Impala3.4源码阅读笔记（一）data-cache功能

Eyizoha

已于 2023-07-05 11:02:17 修改

阅读量564

点赞数 1

分类专栏： Impala 文章标签： Impala 数据仓库大数据

于 2023-07-05 10:23:13 首次发布

本文链接：https://blog.csdn.net/eyizoha/article/details/131549330

版权

Impala 专栏收录该内容

12 篇文章 1 订阅

订阅专栏

本文详细介绍了ApacheImpala中的数据缓存机制，包括LRU策略、数据读取流程、缓存结构以及存储和逐出机制。DataCache类实现了缓存功能，通过DiskIoMgr和HdfsFileReader进行管理，使用CacheKey确保数据一致性。当缓存数据不命中时，会尝试写入缓存，提高数据读取速度。

摘要由CSDN通过智能技术生成

前言

本文为笔者个人阅读Apache Impala源码时的笔记，仅代表我个人对代码的理解，个人水平有限，文章可能存在理解错误、遗漏或者过时之处。如果有任何错误或者有更好的见解，欢迎指正。

基本信息

data-cache是impala在本地的数据缓存，采用LRU策略存储频繁使用的表数据，避免每次使用都要从HDFS再次读取，从而加快数据读取速度。data-cache可以包括多个缓存分区，分区大小配额和存放路径通过参数配置，可参考Data Cache for Remote Reads。

模块结构

data-cache功能由DataCache类实现，这个类被定义在be\src\runtime\io\data-cache.h中。DiskIoMgr类是一个管理器类，负责为所有磁盘和远程文件系统上的所有查询进行IO调度，DiskIoMgr对象是DataCache对象唯一的管理者。HdfsFileReader类则是DataCache对象的唯一实际调用者，HdfsFileReader通过DiskIoMgr获取到DataCache对象的指针并使用。

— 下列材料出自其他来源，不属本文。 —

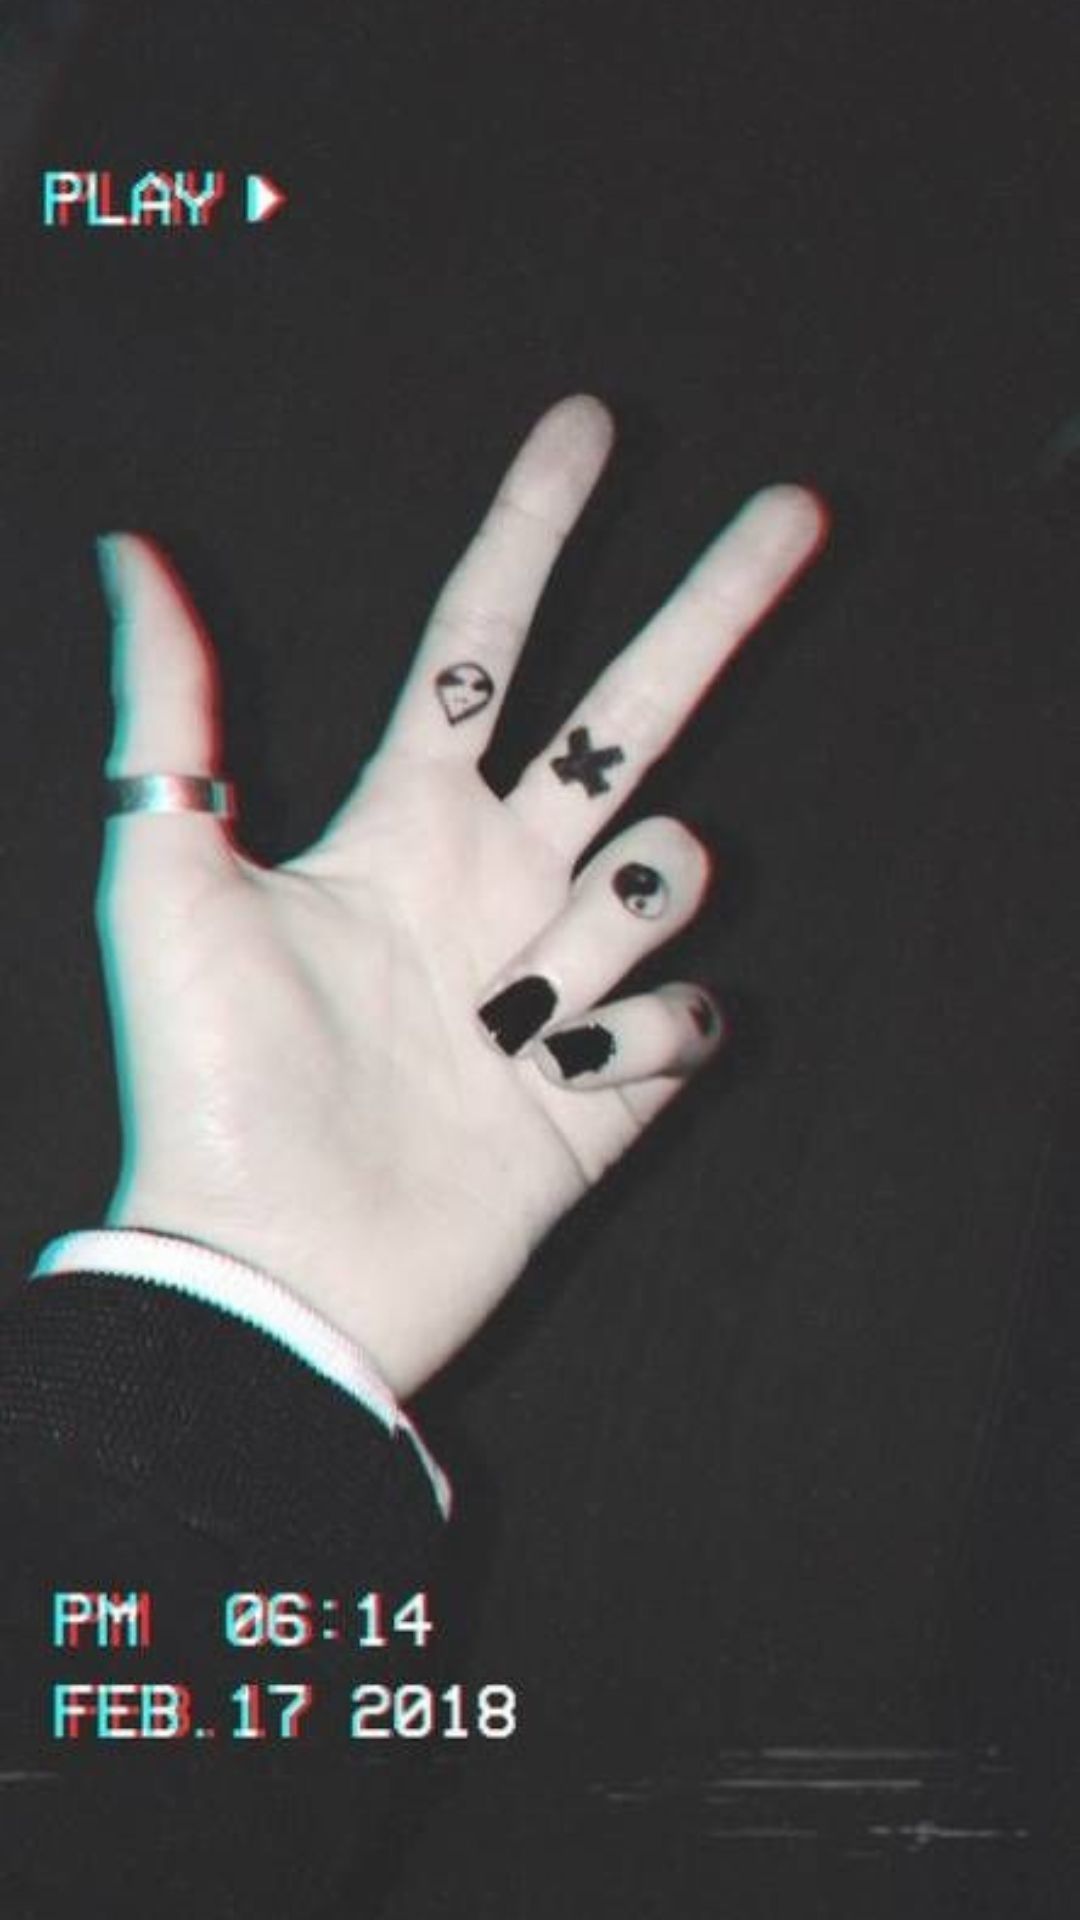 Aesthetic phone wallpaper of a hand making the peace sign with symbols on each finger. - Sad

读取HDFS数据由HdfsFileReader::ReadFromPos函数负责，ReadFromPos会尝试从data-cache中读取数据，缓存MISS的数据部分再去HDFS中读取，全部读取结束后若有缓存MISS发生ReadFromPos会尝试将本次读取的数据写入data-cache。

data-cache通过Partition类管理缓存分区，一个Partition对象主要包括一份缓存元数据和若干缓存文件。当向一个Partition中插入新数据时，数据将被追加到该Partition当前使用的备份文件中。每条缓存数据的存储消耗计入该分区的总大小，当一个分区大小达到其配额时，该分区中最近最少使用的数据将被逐出（LRU策略）。

一个缓存文件由一个CacheFile对象负责管理，包括文件的创建删除、读写和PunchHole操作。缓存文件名格式为“impala-cache-file-” + UUID，缓存文件大小受到data_cache_file_max_size_bytes参数限制，默认1TB，插入数据时若超过该限制时会创建一个新的缓存文件来插入。数据逐出则是通过PunchHole来实现的，PunchHole按照给定偏移量和数据长度在文件中打洞，文件中的所有洞都不消耗存储空间，具体可以参考用fallocate进行"文件预留"或"文件打洞"。

每个分区都有一份缓存元数据meta_cache_，其类型为ShardedCache类的独占指针，底层使用的HandleTable类实现了一个开链哈希表，以Handle为中介记录缓存键CacheKey到缓存条目CacheEntry的映射。

data-cache通过CacheKey来唯一标识一条缓存数据，DataCache也通过CacheKey的Hash值来决定该条目插入哪个缓存分区。CacheKey包括filename（数据对应的HDFS文件完整路径），mtime（该文件的修改时间）和offset（数据在该文件的起始偏移量）三部分，这三部分表明了数据来自哪个版本的哪个文件的哪个部分，只有这三部分完全匹配才能保证缓存数据与HDFS文件数据一致。CacheKey仅包括offset而不包括数据长度使得data-cache目前有一个缺陷，就是会数据重复缓存且不支持子范围查找。举个例子，假如data-cache缓存了某文件[10,50]的数据，也就是文件第10~50个字节，其缓存键的offset=10。此时若要查找[20,30]的数据时则会MISS，即使[10,50]包含了[20,30]，这是因为没有offset=20的缓存条目，同理插入[20,30]的数据也不会与[10,50]合并，它们的offset不同所以CacheKey不同，不被认为是同一条目。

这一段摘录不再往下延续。